#### [Task material]
◇ ◇ ◇ ◇

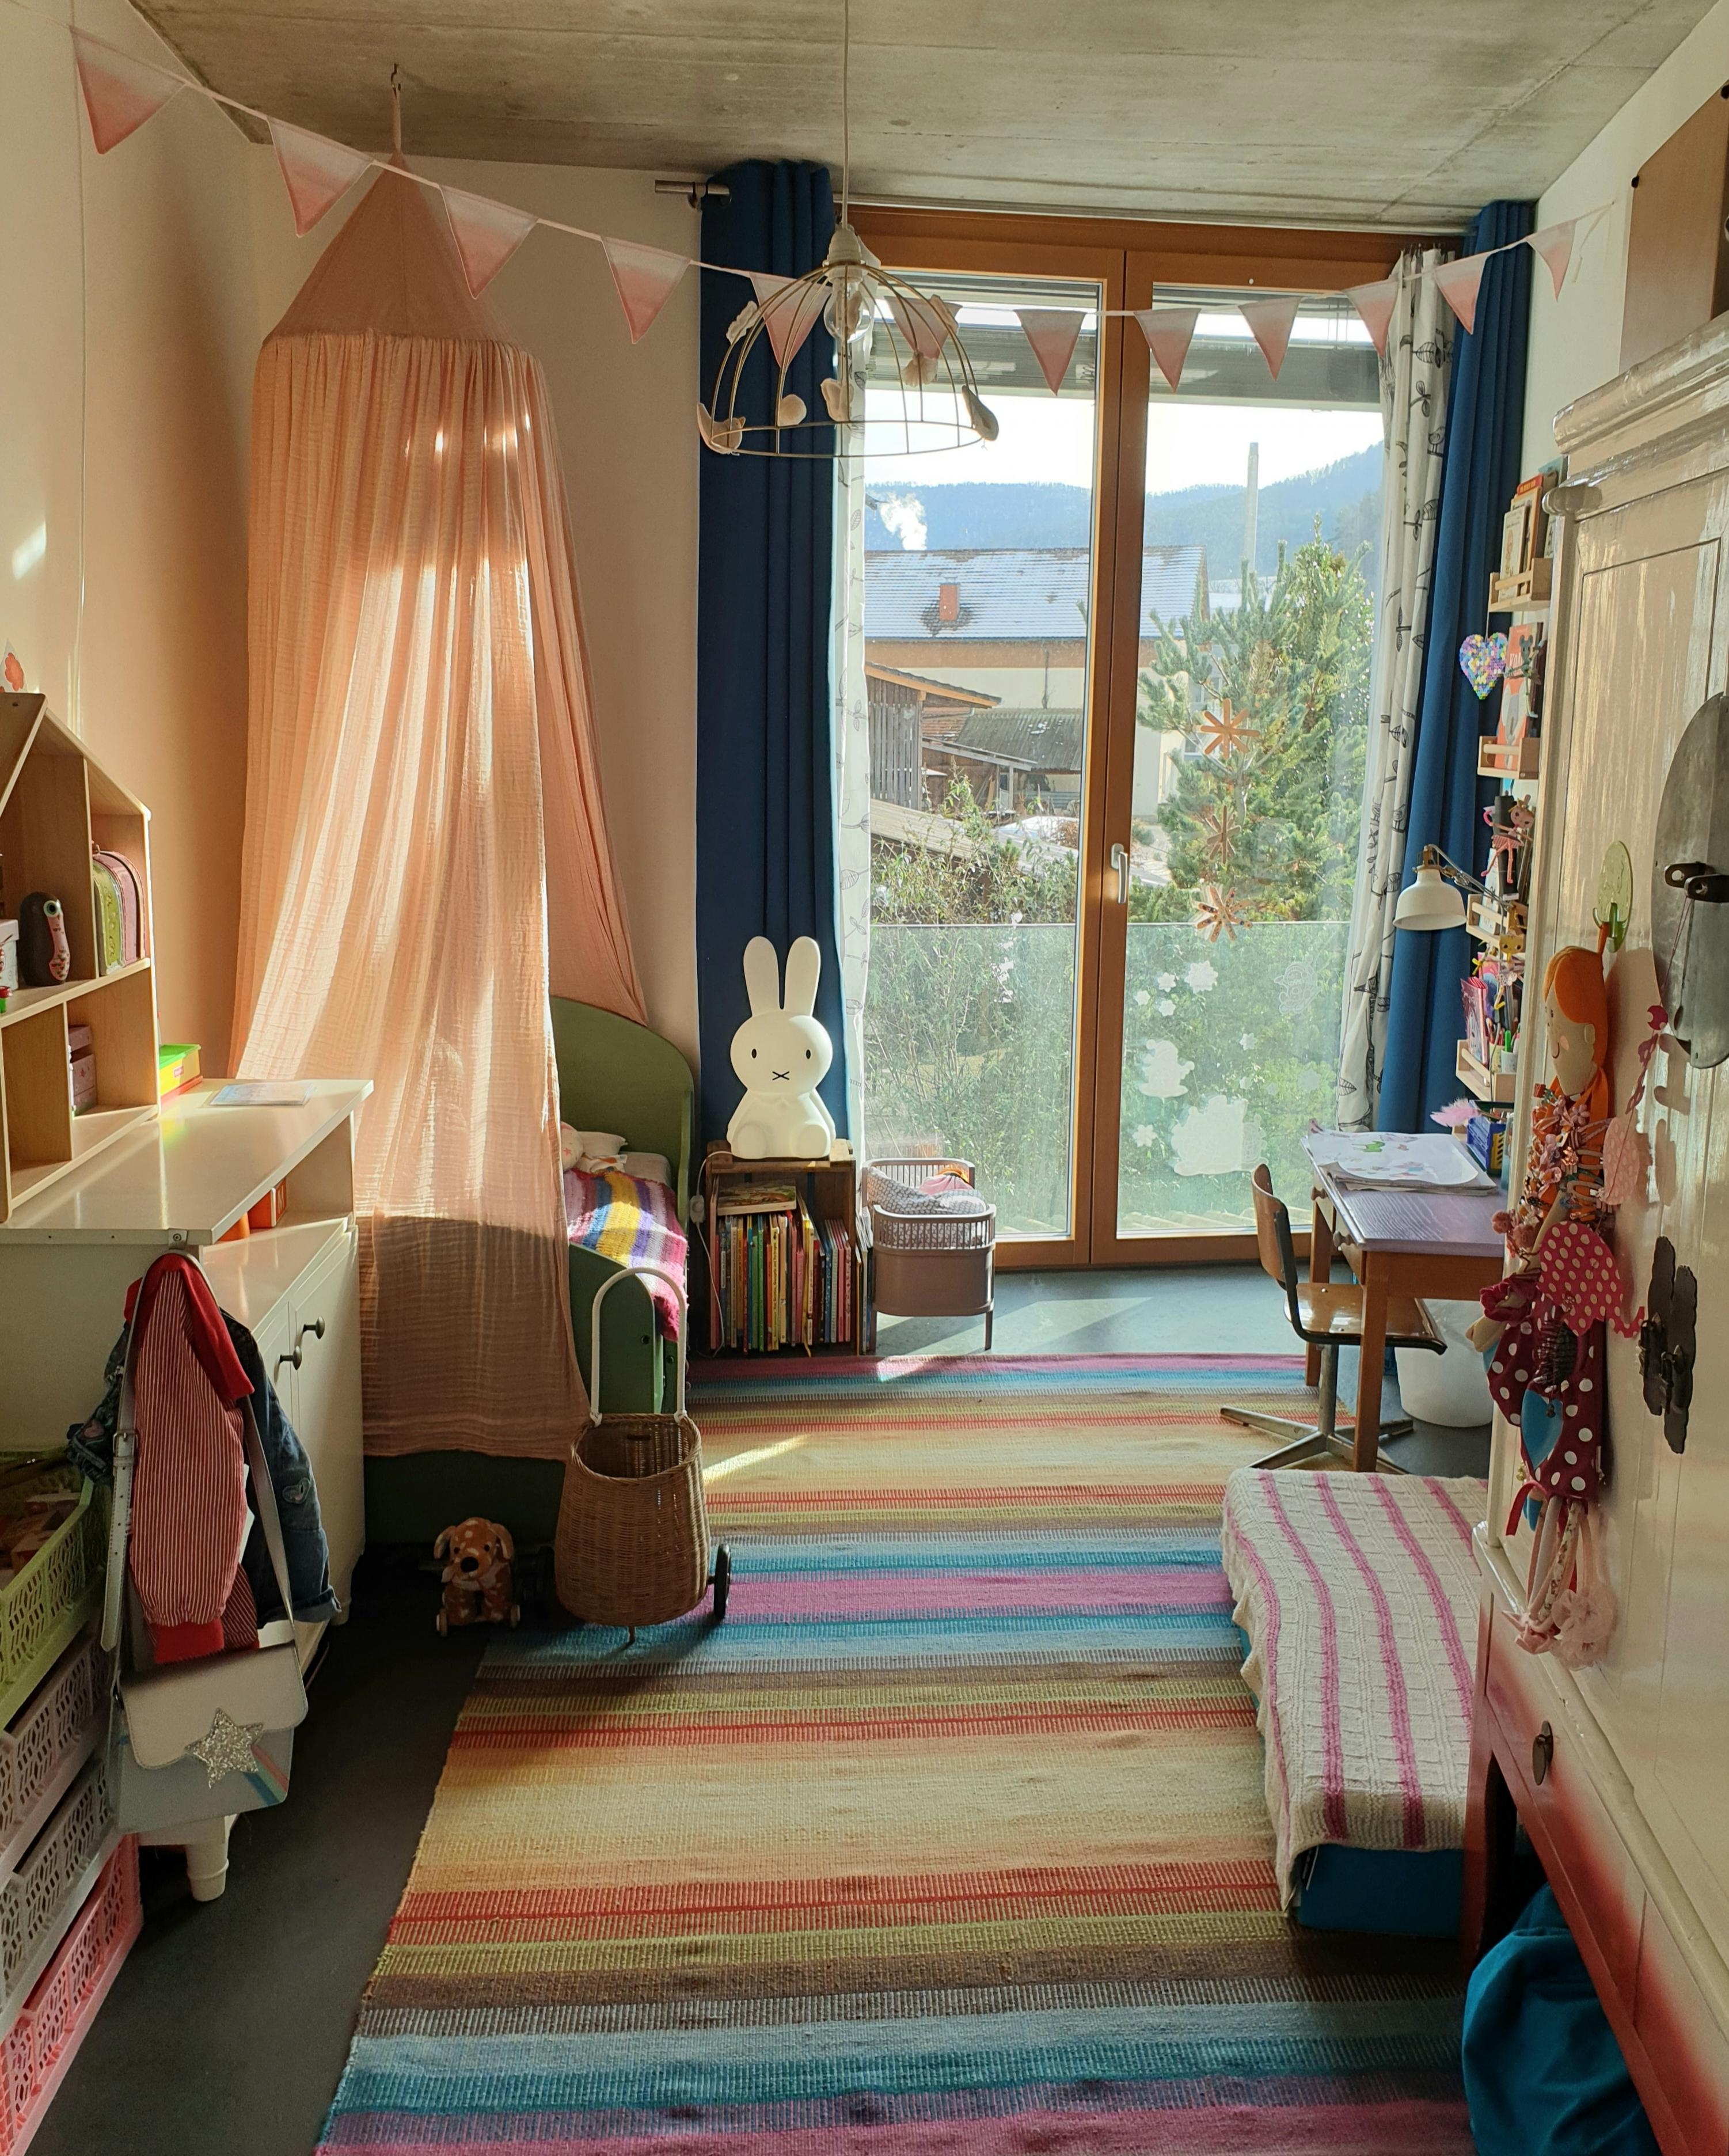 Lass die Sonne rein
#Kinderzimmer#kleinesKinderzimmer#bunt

◇ ◇ ◇ ◇

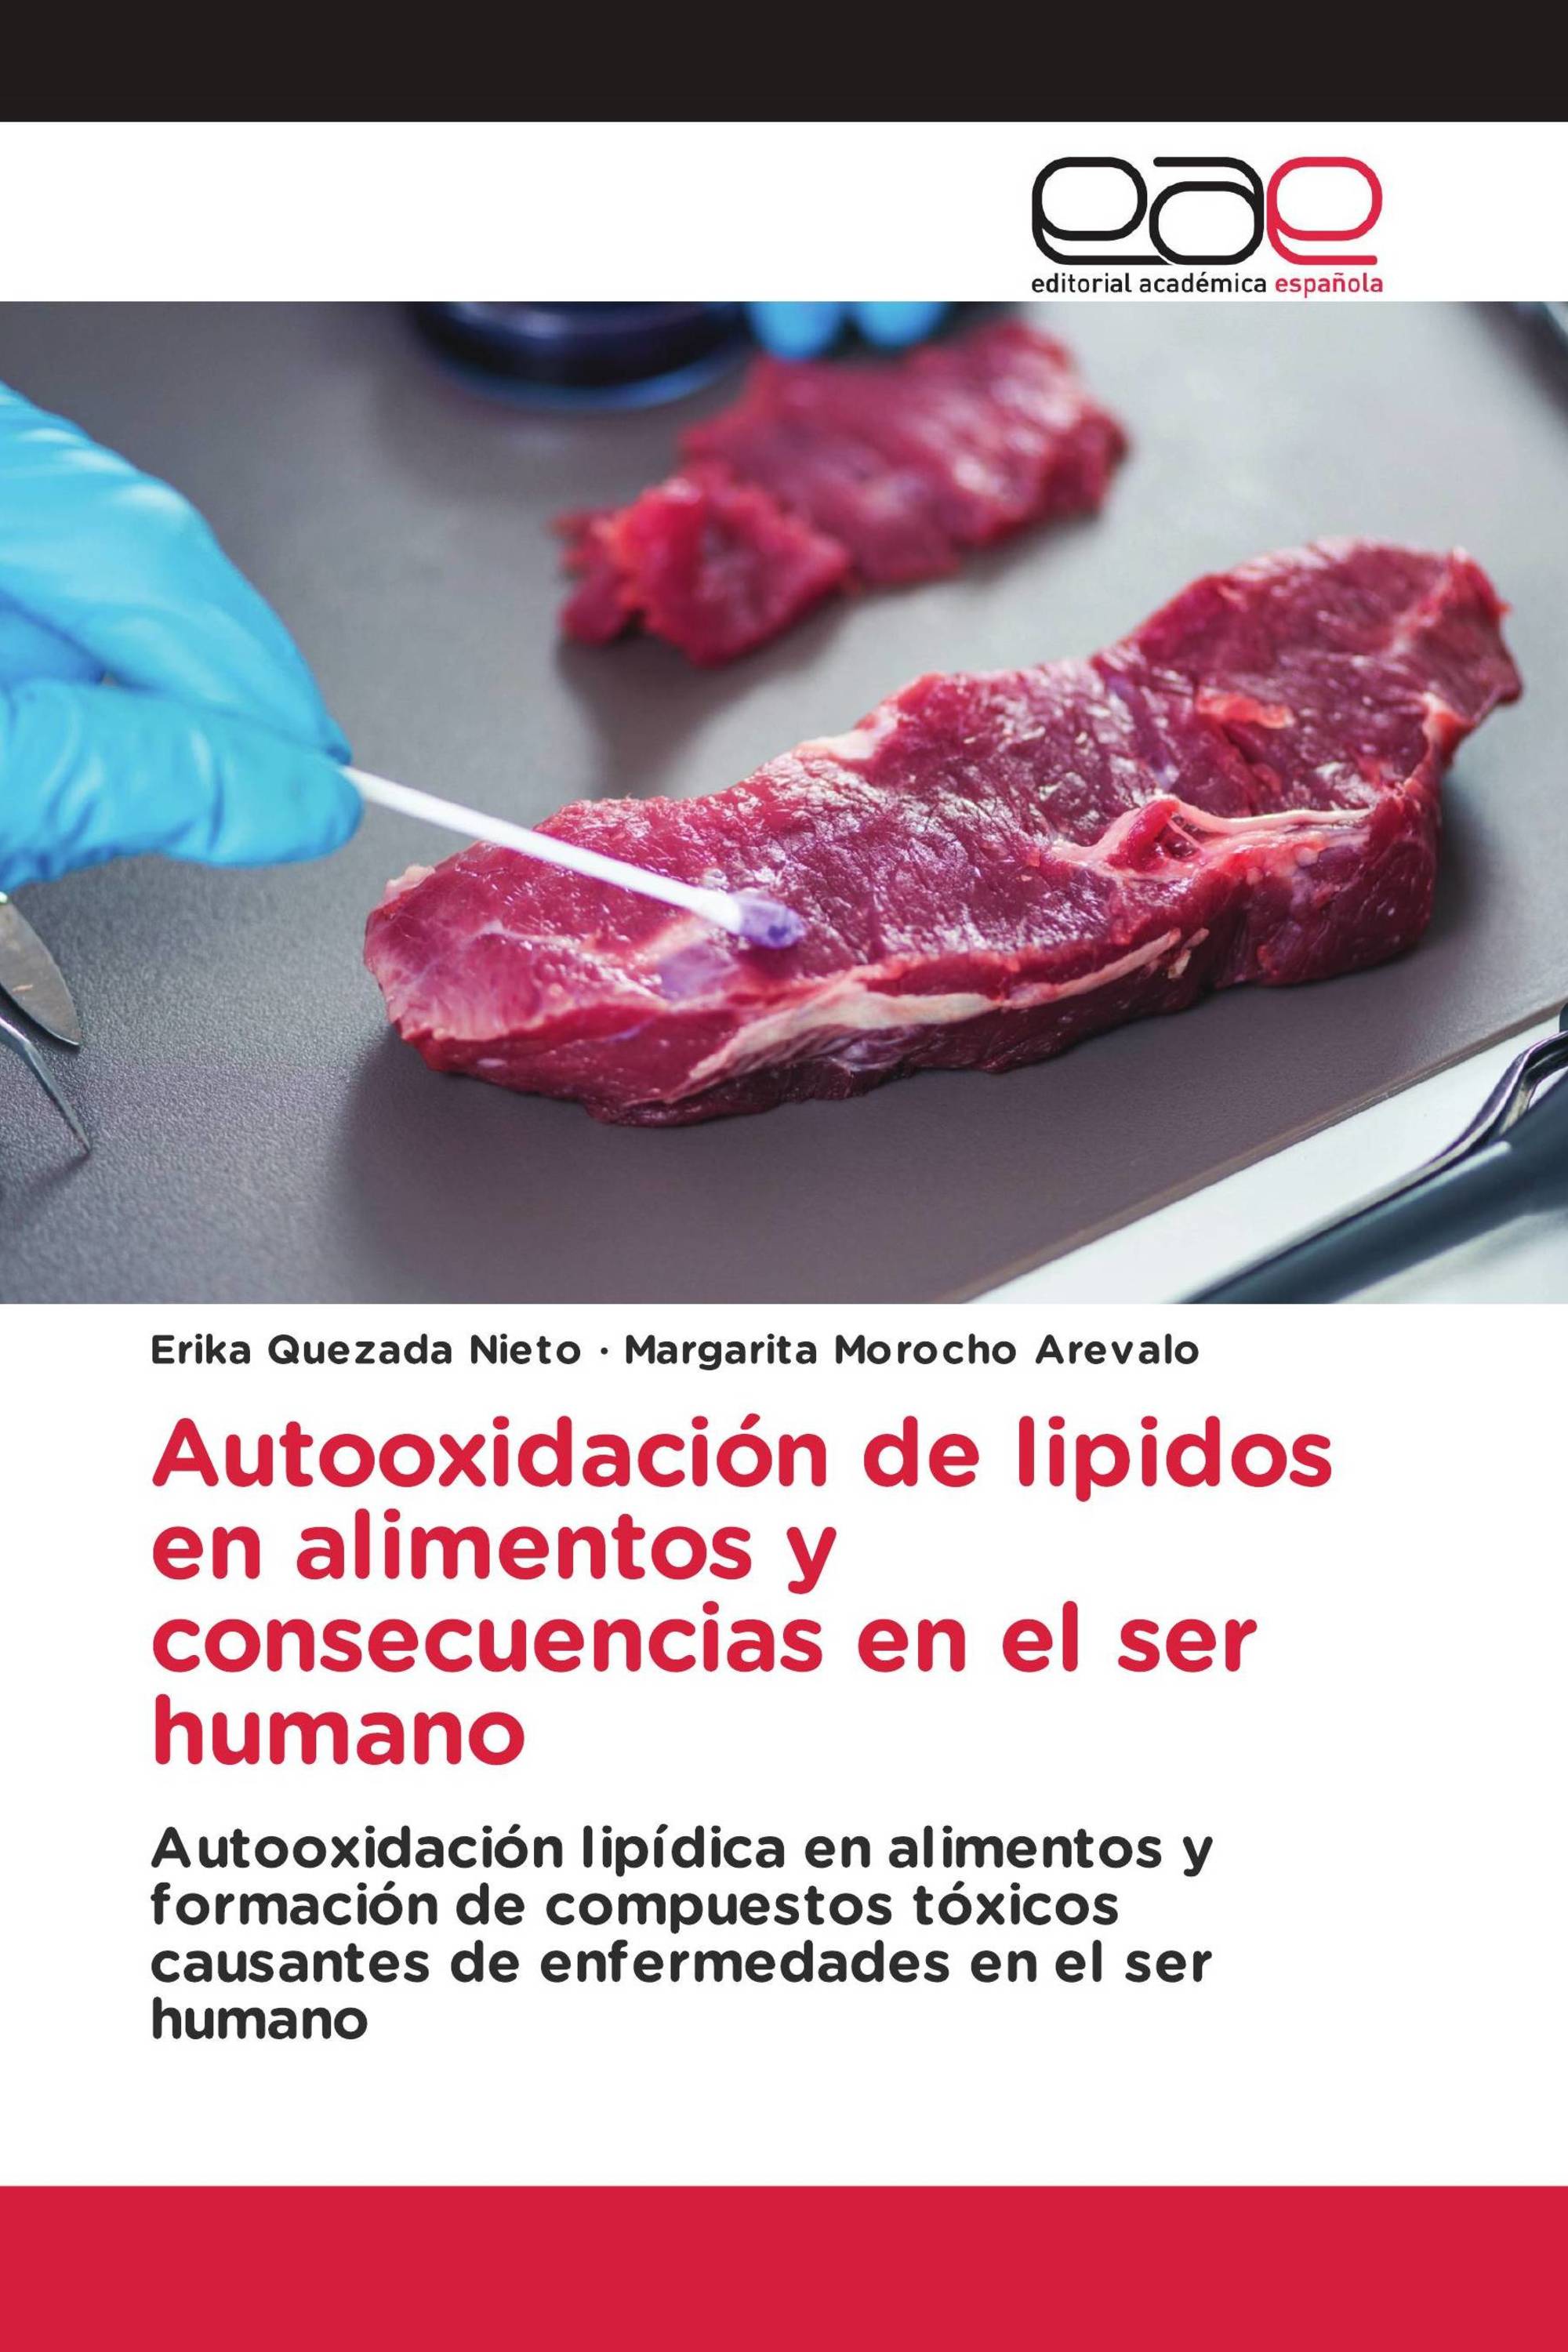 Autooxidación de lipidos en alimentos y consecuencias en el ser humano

◇ ◇ ◇ ◇

#### [What you are asked to do]
Only the lines above from the one containing "Lass die Sonne rein" through the one containing "#Kinderzimmer#kleinesKinderzimmer#bunt" should be returned, verbatim and inclusive, with pictures excluded.

#### [Response area]
 Lass die Sonne rein
#Kinderzimmer#kleinesKinderzimmer#bunt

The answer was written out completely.